A l’autre extrême figurent des langages endogènes, c’est-à-dire produits par l’activité collective de l’organisation. Ils véhiculent un common knowledge qui est fait de corridors d’action à la fois balisés et larges que sécrètent et entretiennent des interactions permanentes entre ses membres. La production d’articulations explicites entre fonctions et entre niveaux de l’entreprise crée ou favorise l’émergence de communautés cognitives fortes. Elle est associée à une capacité de prévisibilité élevée en interne mais aussi face au monde extérieur. Quant à l’accumulation tacite, elle se situe plus près de l’articulation explicite que de la codification discrétionnaire, car elle est produite de manière endogène par l’organisation. En revanche, elle offre une capacité de prévisibilité plus limitée ou contenue.

Le thème de la communauté cognitive permet de reformuler le rapport qui s’établit entre les paradigmes d’action dont une entreprise se dote et les capacités d’improvisation ou de variation dont elle fait preuve.

L’improvisation fournit à l'organisation des solutions opératoires nouvelles et flexibles autour d'une trame commune. Elle s'exerce et se modèle largement en fonction du terrain et des contextes locaux. Pour que la trame commune existe, elle doit être nourrie et balisée par les cartes cognitives que portent les acteurs. Lorsque les processus de cognition internes à l’organisation sont faibles ou sont discontinus, les acteurs qui sont au contact du terrain ne savent pas ou plus comment inscrire leurs choix singuliers dans un corridor d’action collectif ou stratégique. Ou bien celui-ci s’avère être trop flou ou bien il se présente comme trop étroit. De son côté, le sommet de l’organisation ne sait pas comment rendre concrets les messages à implication stratégique qu'il émet puisqu’il connaît mal les contextes spécifiques auxquels ils s’appliquent. L’entreprise affronte une situation de double incertitude cognitive, faute de recouvrements et de relais de traductions successives entre son siège et sa base.

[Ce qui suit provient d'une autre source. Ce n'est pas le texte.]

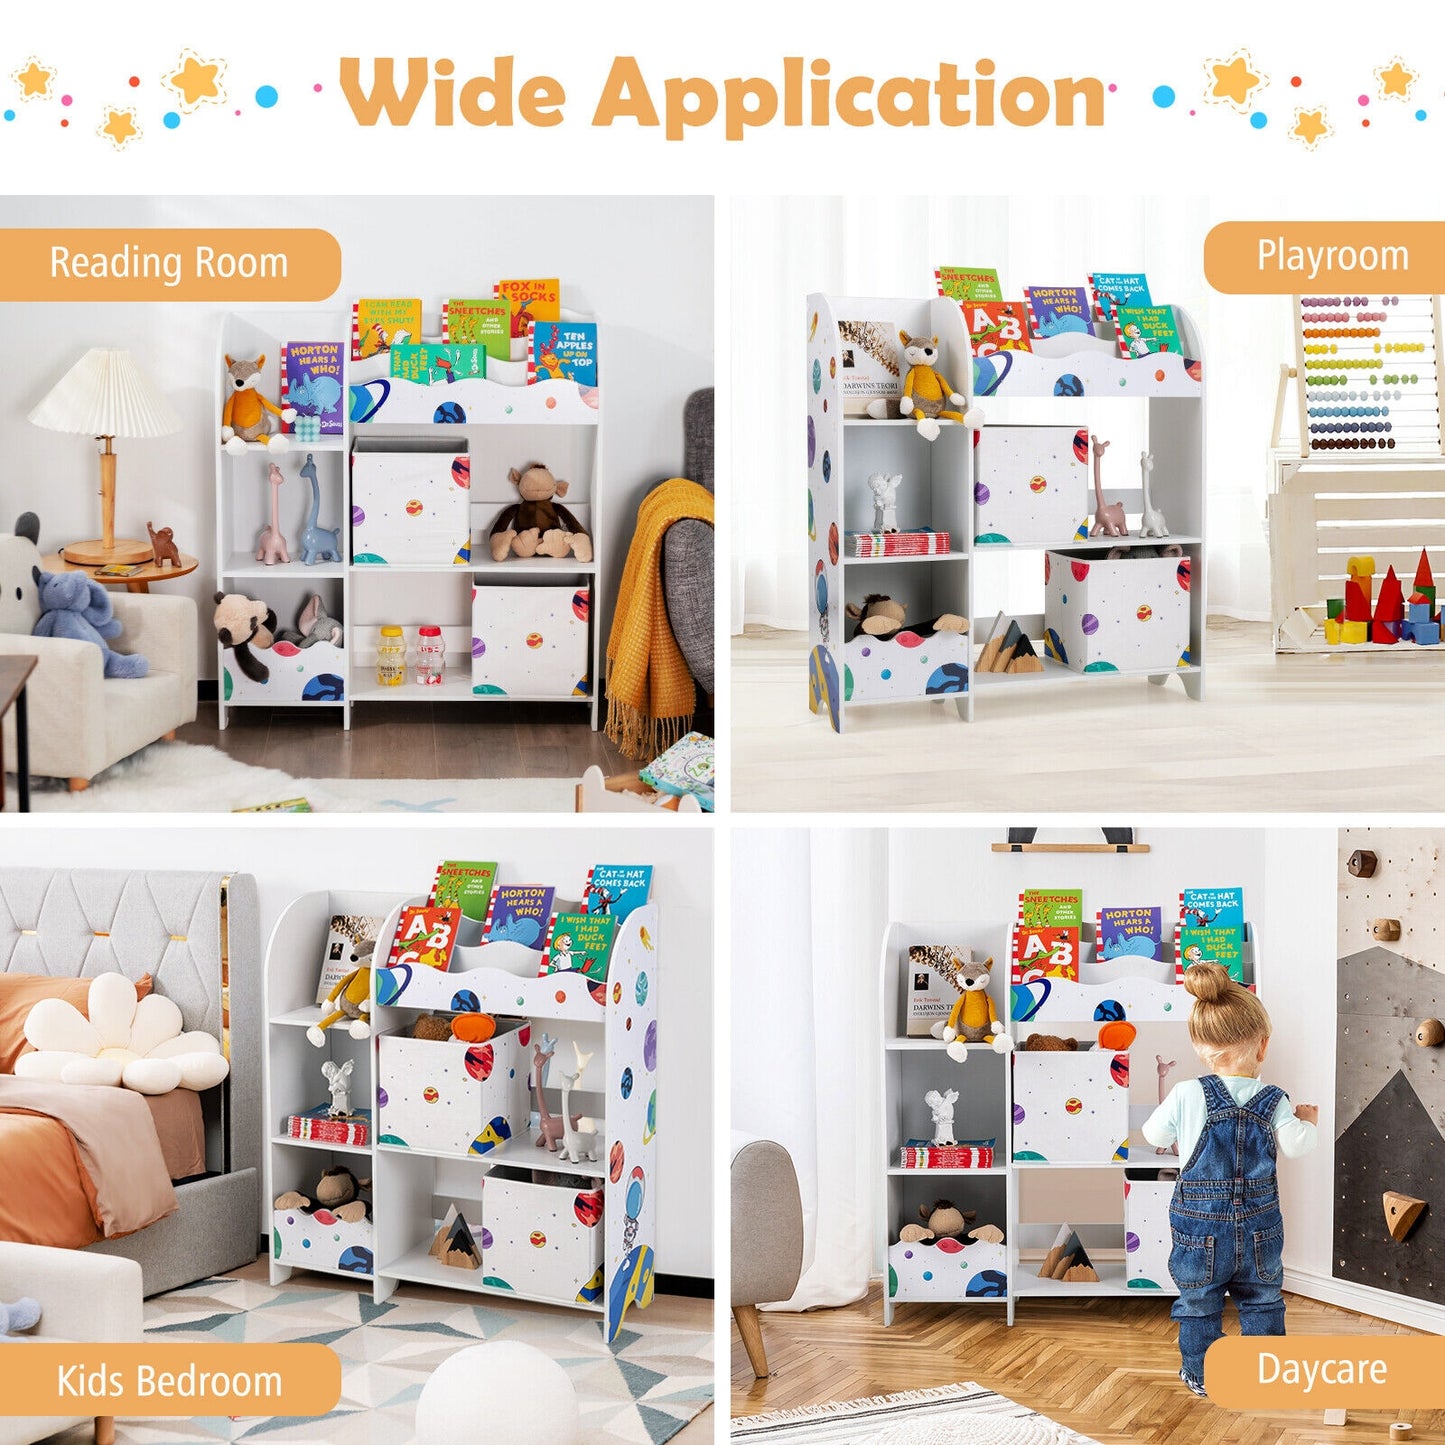 Kids Toy and Book Organizer Children Wooden Storage Cabinet with Storage Bins

La rupture avec le terrain accentue la diminution des possibilités d’improvisation.

Le type 3 ou modèle organisationnel mercenarial est à cet égard paroxystique. Une entreprise qui se positionne sur des paradigmes d’exploitation et dans un horizon de court terme se satisfait parfaitement de chaînes cognitives limitées. Un langage partagé lui est peu utile. Elle peut se contenter de corridors d’action étroits, donc de capacités d’improvisation faibles. Recruter des mercenaires pour occuper les postes dirigeants, accepter des taux de roulement élevés du personnel, ne pas disposer de cadres ayant une connaissance de l’organisation et de son contexte externe sont autant de facteurs qui offrent des avantages relatifs, mais à une condition : qu'ils se compensent par le recours à des routines, par l’adoption de "bonnes pratiques" plus ou moins banalisées et uniformes. La nature exogène des vecteurs de prévisibilité que mobilise l’entreprise est associée dans le type 3 à des capacités d’improvisation qui sont réduites à leur plus faible niveau.

Dans certains cas, la destruction de l’endogène existant et de la capacité d’improvisation passée peut se révéler nécessaire. Un repositionnement de l’entreprise sur un modèle de type 3 permet en peu de temps de provoquer un choc culturel. Il aide à la destruction immédiate d’un capital de traditions et de procédures accumulé au fur et à mesure de son histoire. La table rase qu’opère le recours à de l’exogène sur le plan du personnel et des cognitions est alors associée à une situation dite de crise. Si la régulation sociale dans l’organisation s’affaiblit, si la communauté cognitive se distend, l’atteinte de résultats économiques à court terme (la survie) ou un repositionnement stratégique à brève échéance (une modification de la menace)

impose des recentrages ou des restructurations parfois dramatiques que des mercenaires assument. En attendant, savoir improviser et fabriquer de la complexité organisationnelle restent des compétences qui sont absentes et négligées.